-------- Data section --------
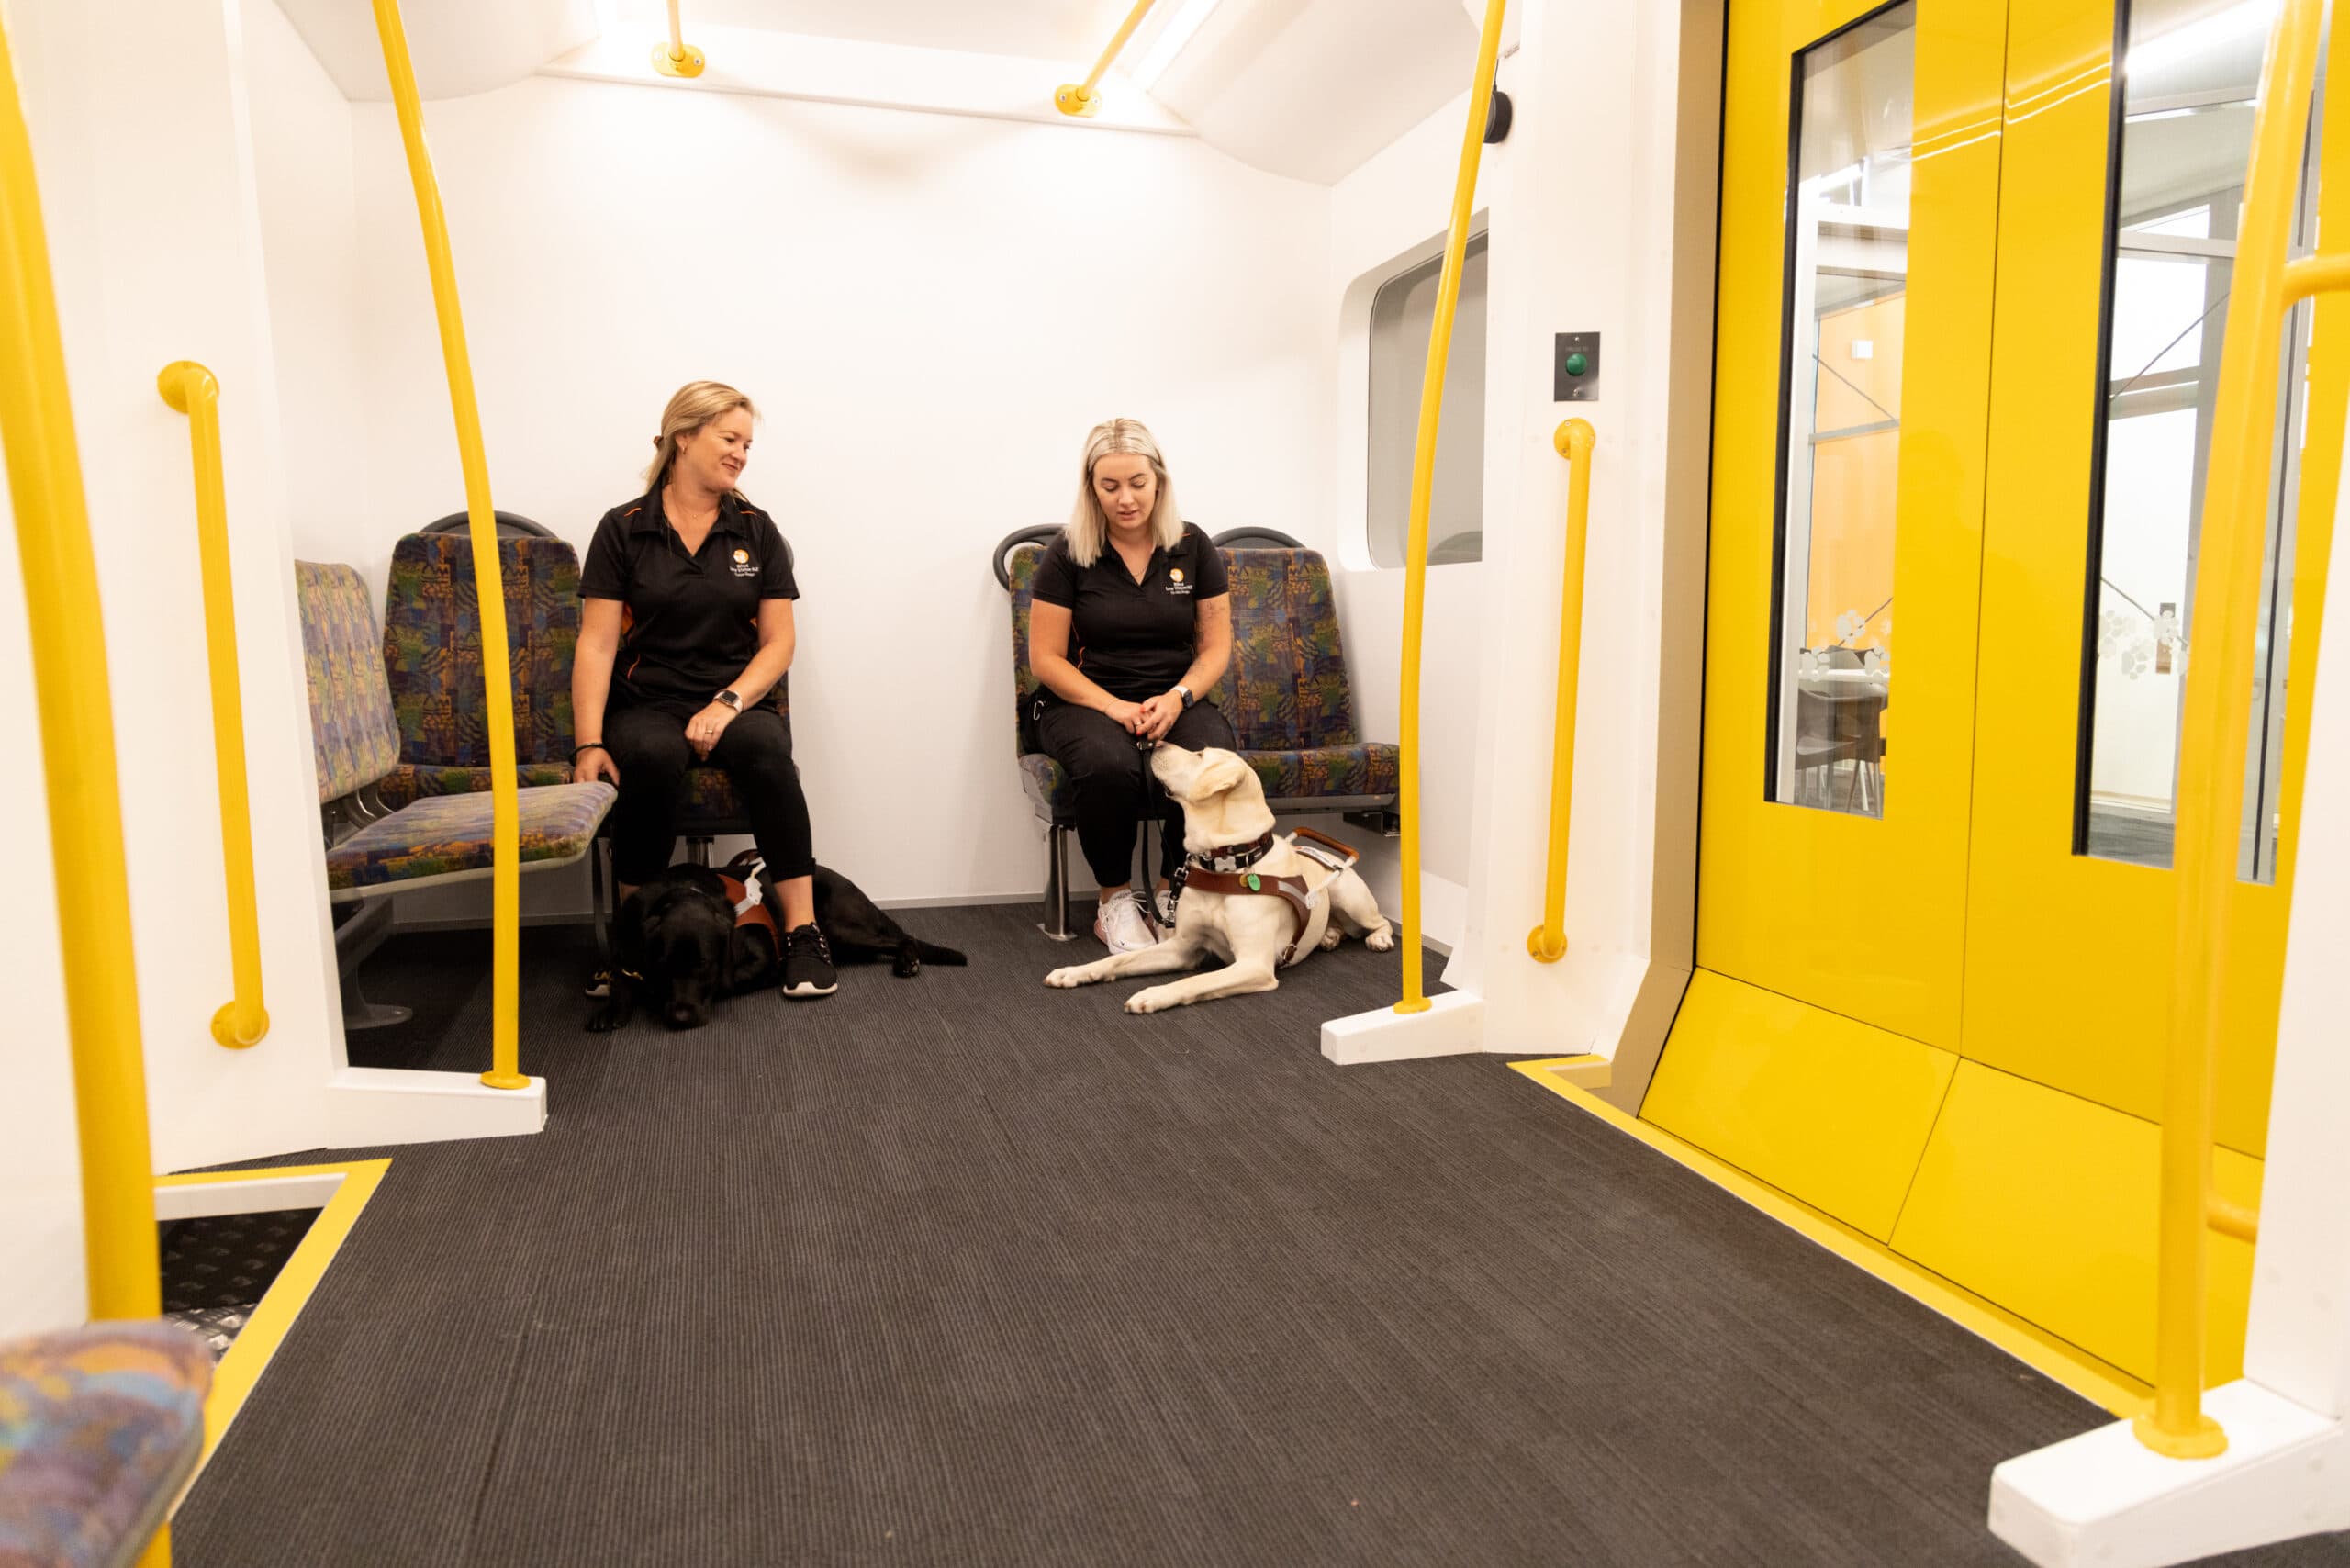 Two Guide Dog trainers sitting with their Guide Dogs inside a simulated train.
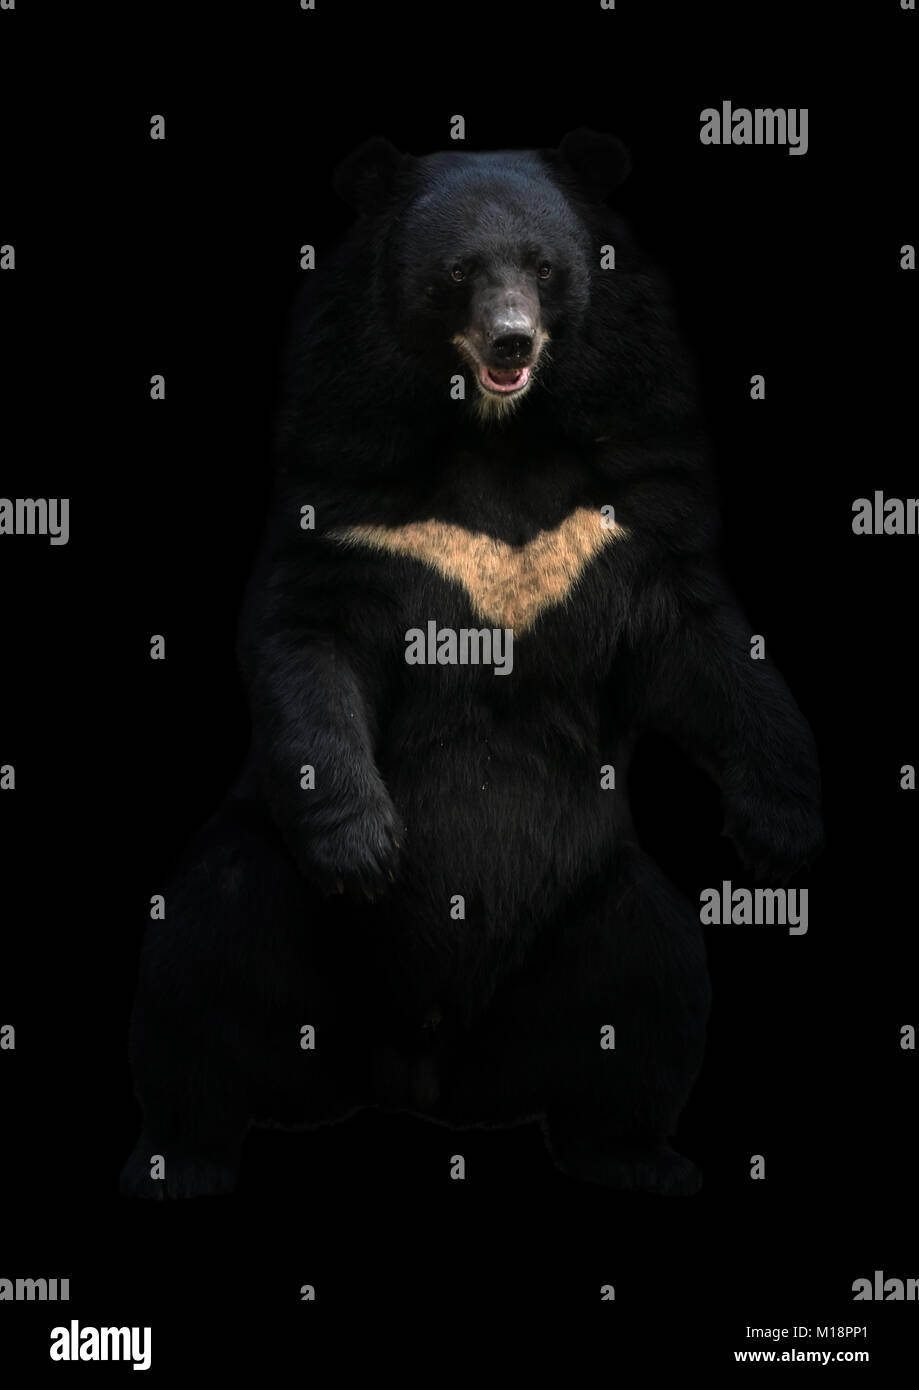 asiatic black bear or moon bear standing in the dark Stock Photo
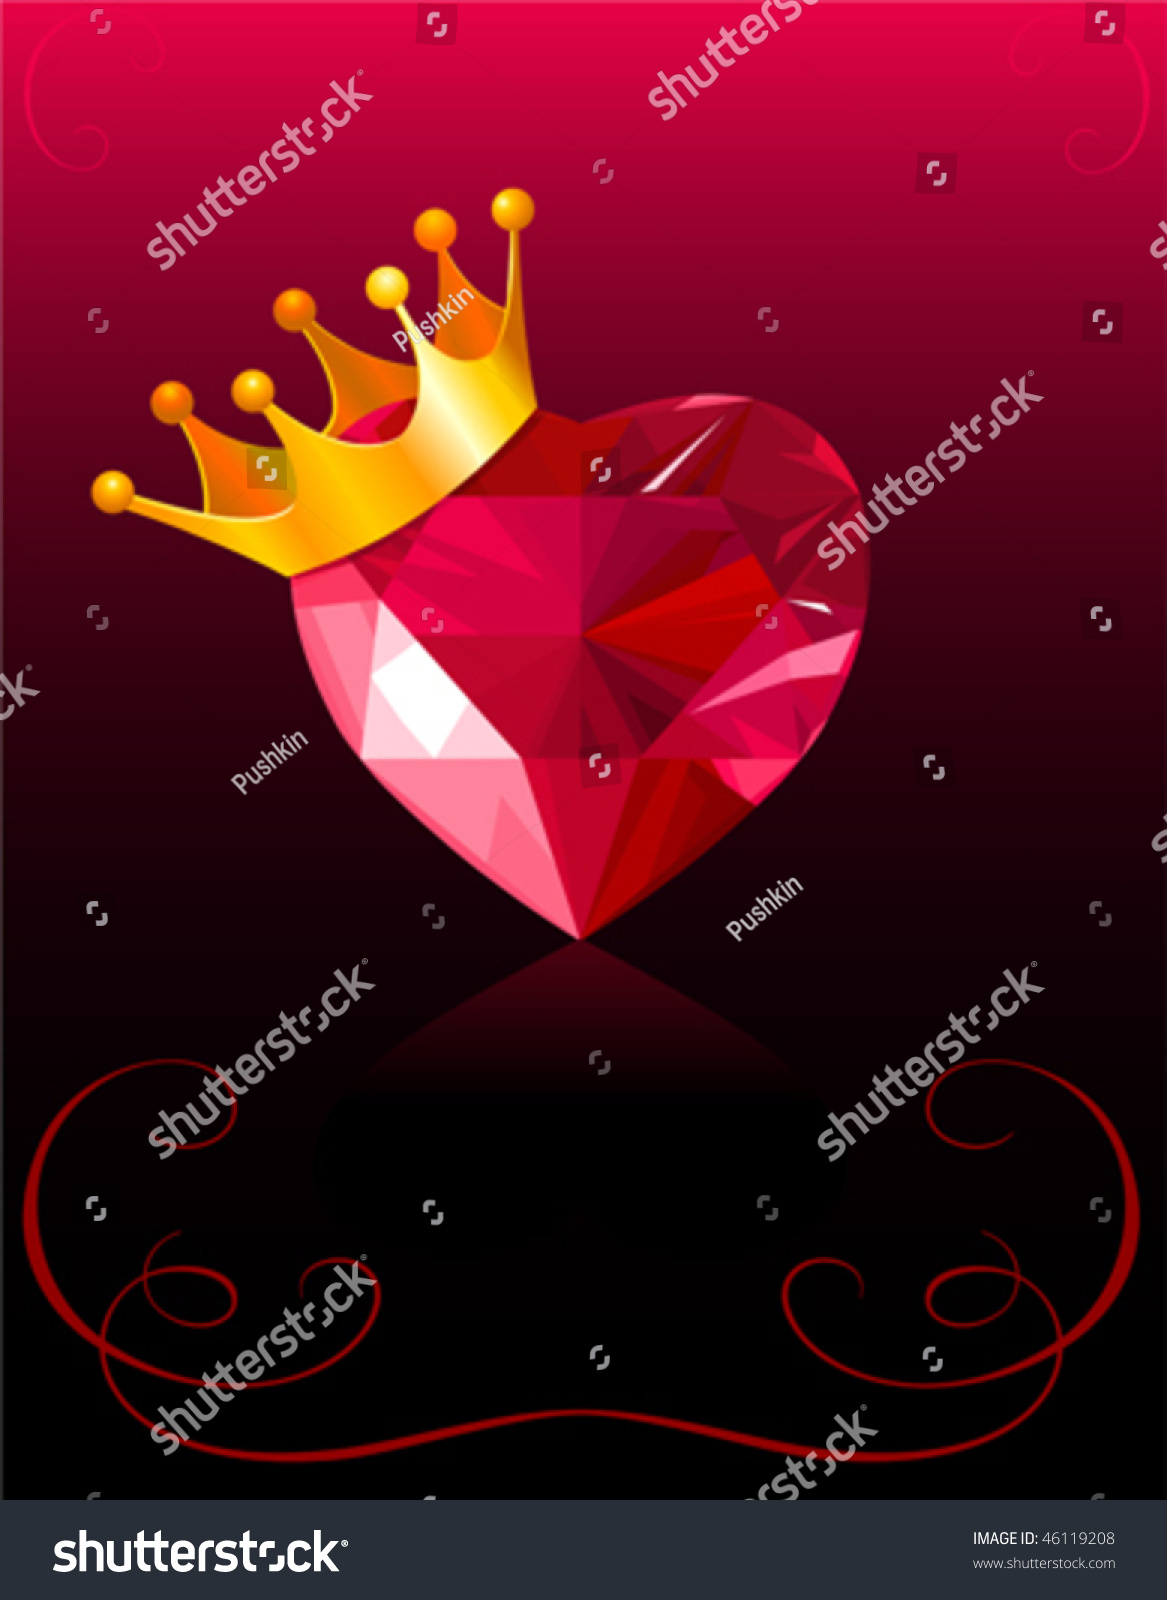 Shiny Crystal Love Heart With Gold Crown Stock Vector Illustration ...
--------
● Work required
Your reply should hold exactly the lines from the line containing "asiatic black bear" through the final line of the listing, and none of the pictures.

● Result for this task
 asiatic black bear or moon bear standing in the dark Stock Photo
 Shiny Crystal Love Heart With Gold Crown Stock Vector Illustration ...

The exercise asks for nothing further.